Everything from the line containing "Verre pressé en" to the close of the records below should be output exactly, line by line, with no other lines given.

• Extracted material:
Start of Block
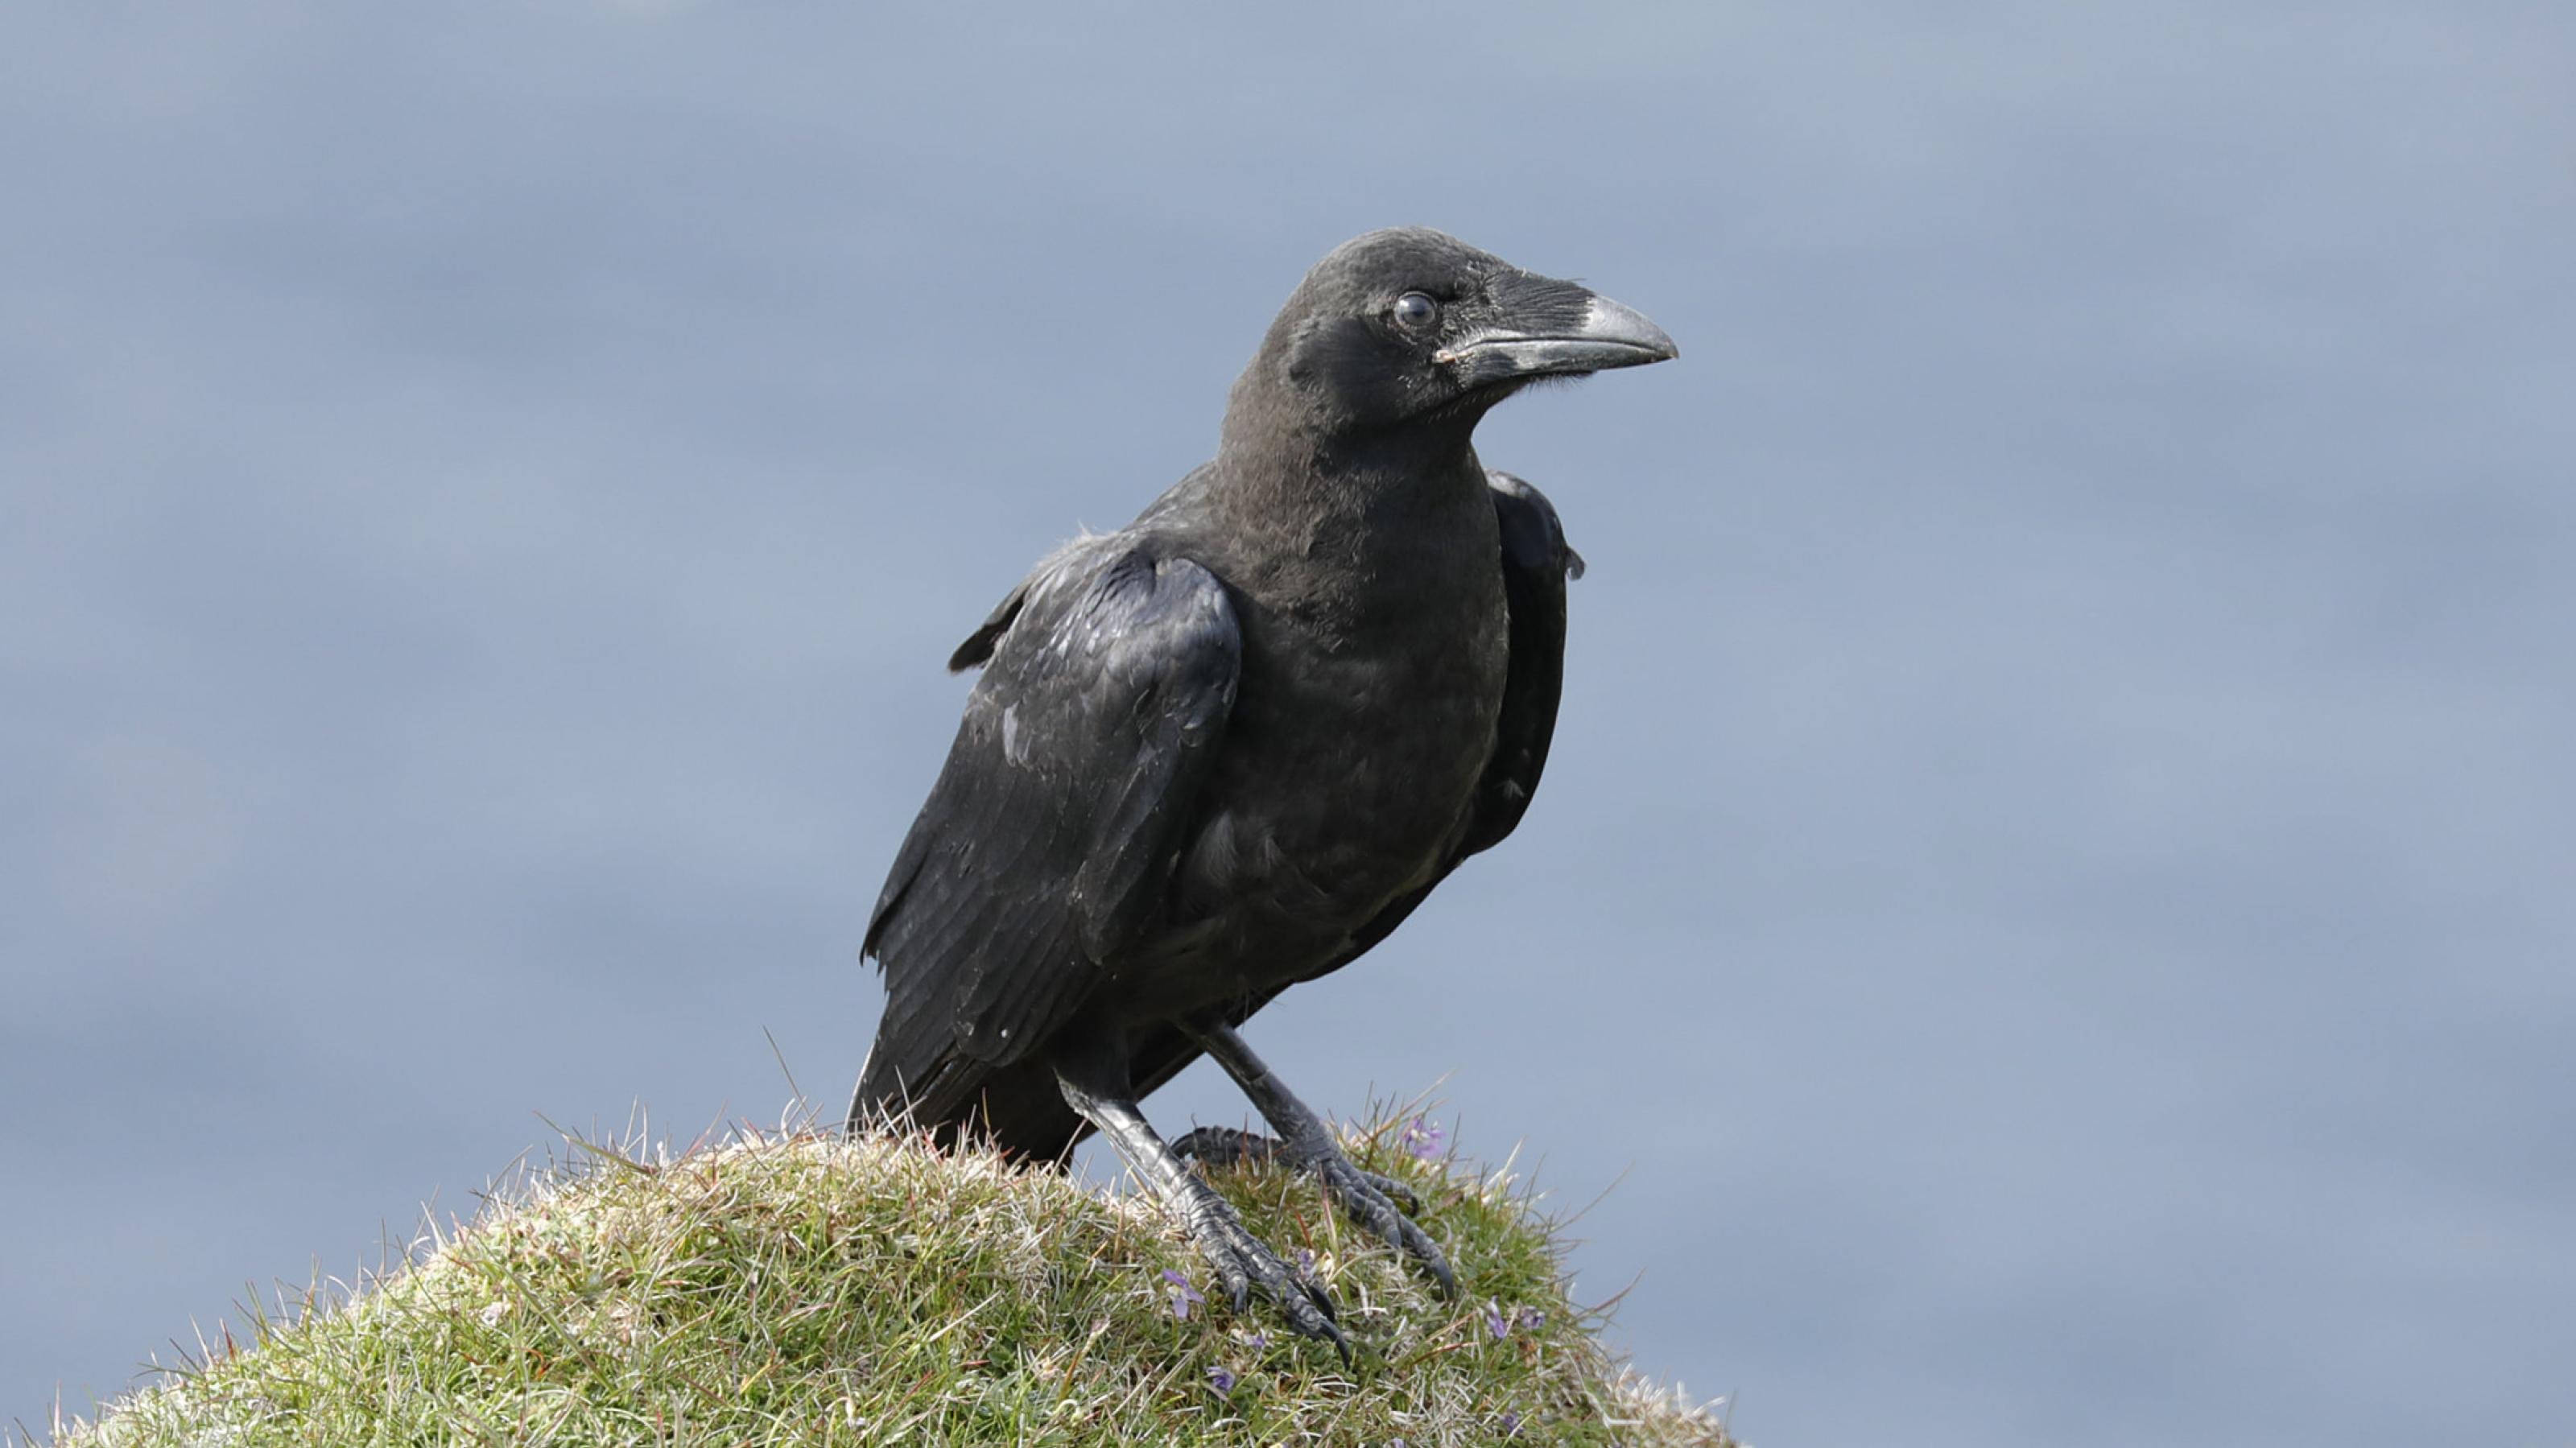 Ein schwarz-gefiederter Vogel mit großem Schnabel sitzt auf einem Hügel mit kurzem Gras und blickt in die Kamera.
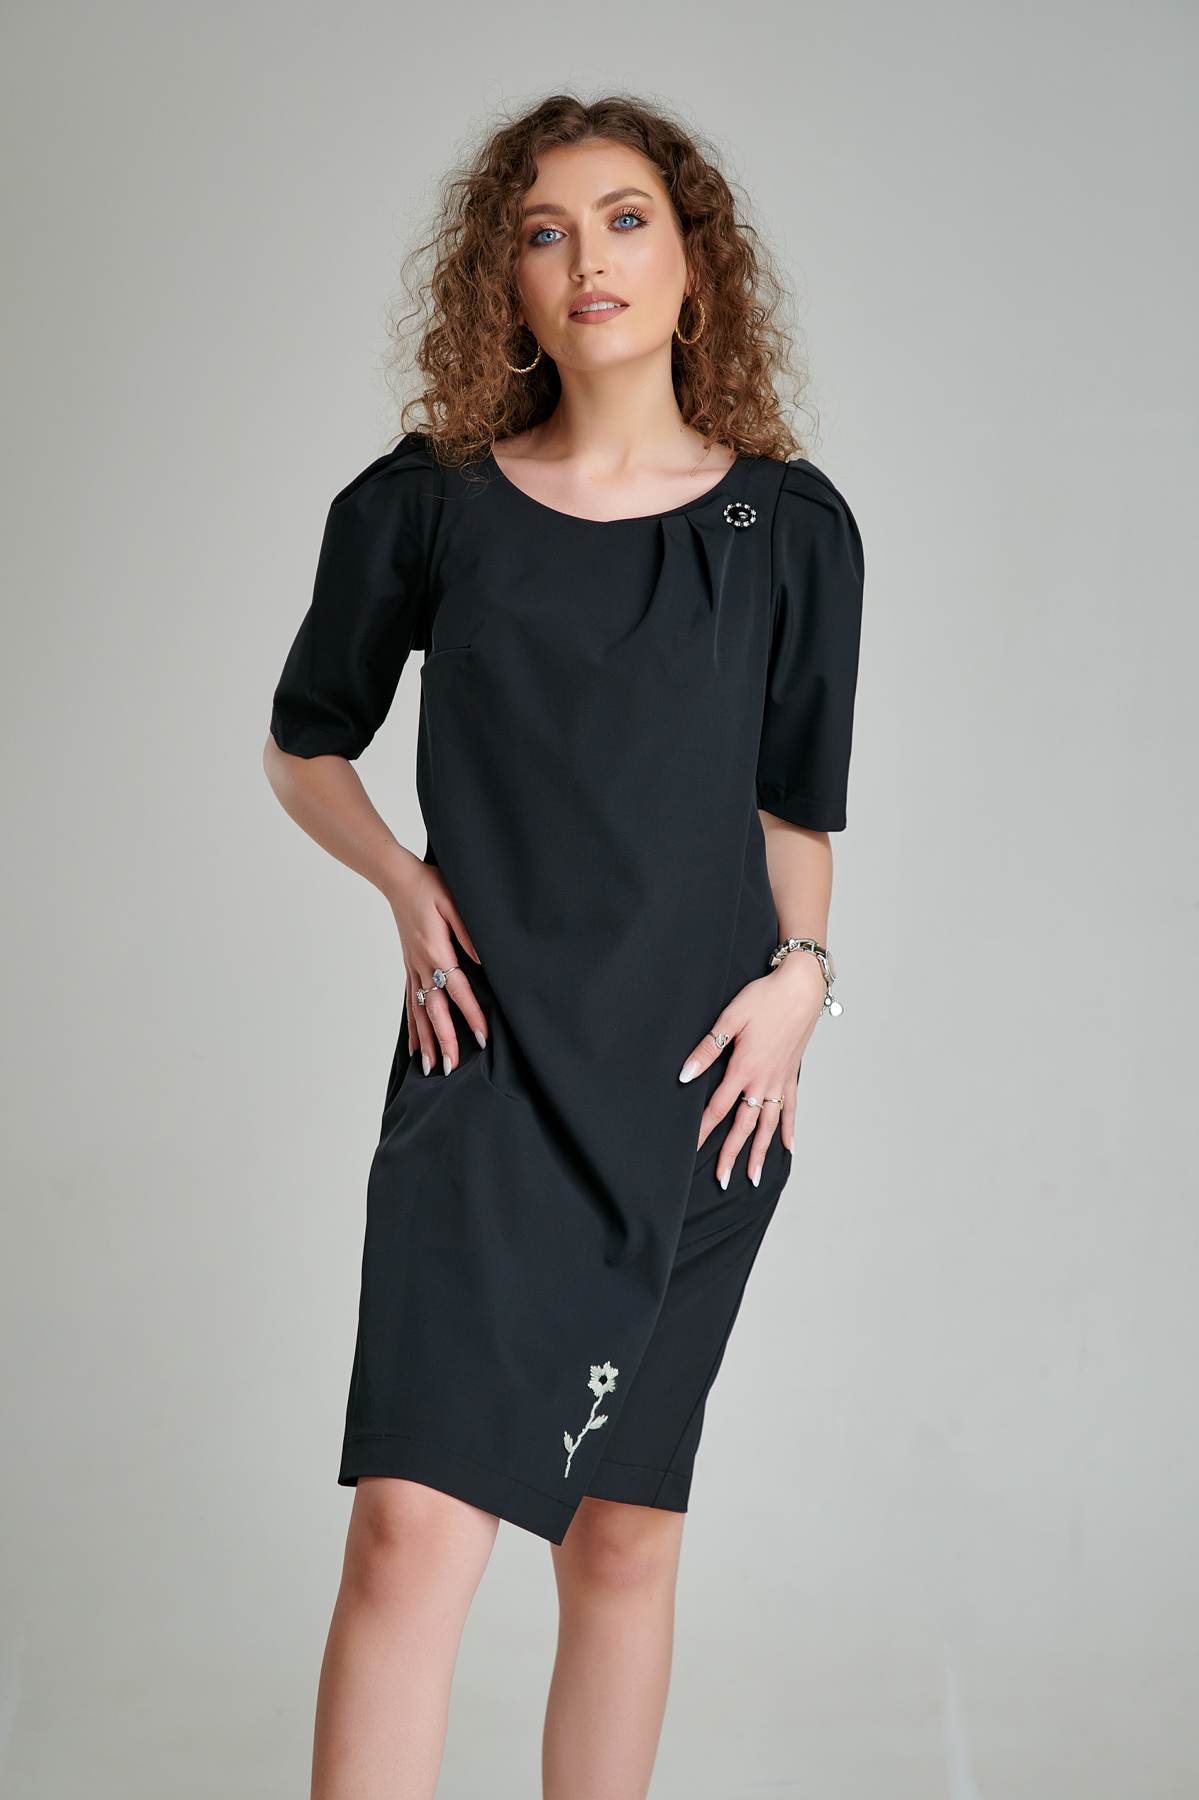 Rochie OLIVIER din tercot negru. Materiale naturale, design unicat, cu broderie si aplicatii handmade
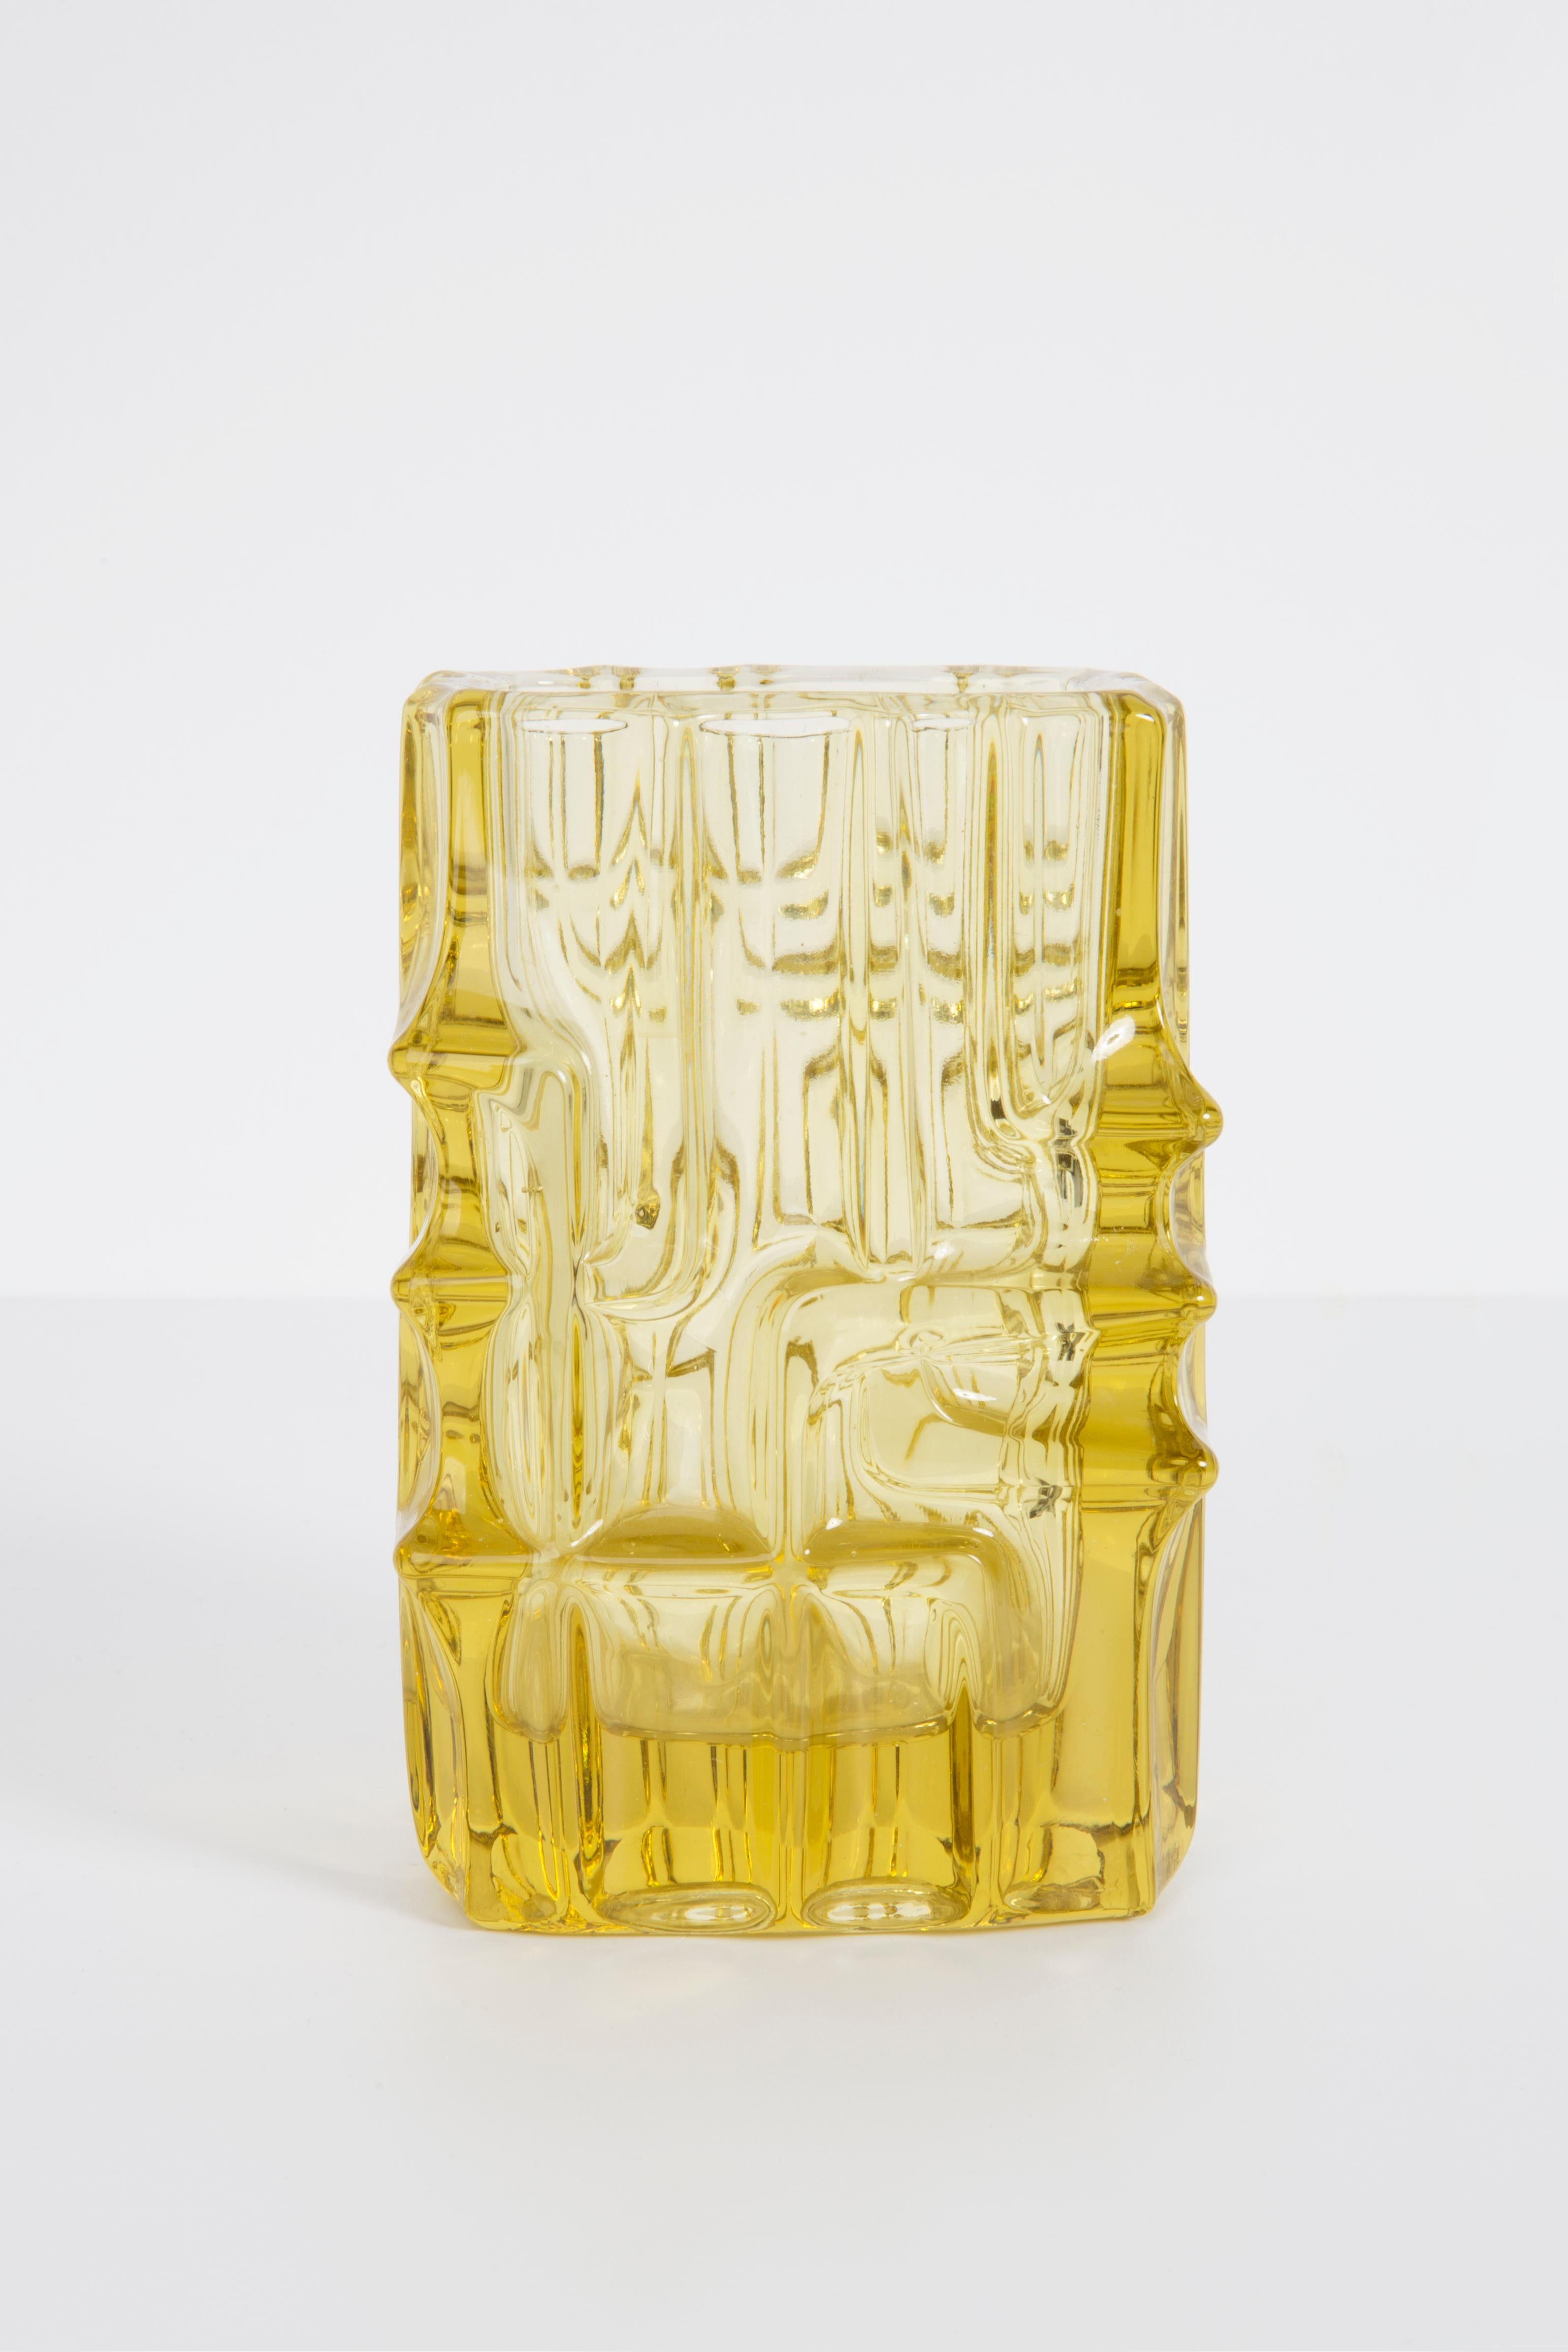 Vase jaune clair de Vladislav Urban, créateur de verre tchécoslovaque. Produit dans les années 1960.
Verre pressé en parfait état. Le vase semble avoir été sorti de sa boîte.
Pas d'accrocs, de défauts, etc. La surface extérieure en relief,
End of Block
• Solved exercise:
Verre pressé en parfait état. Le vase semble avoir été sorti de sa boîte.
Pas d'accrocs, de défauts, etc. La surface extérieure en relief,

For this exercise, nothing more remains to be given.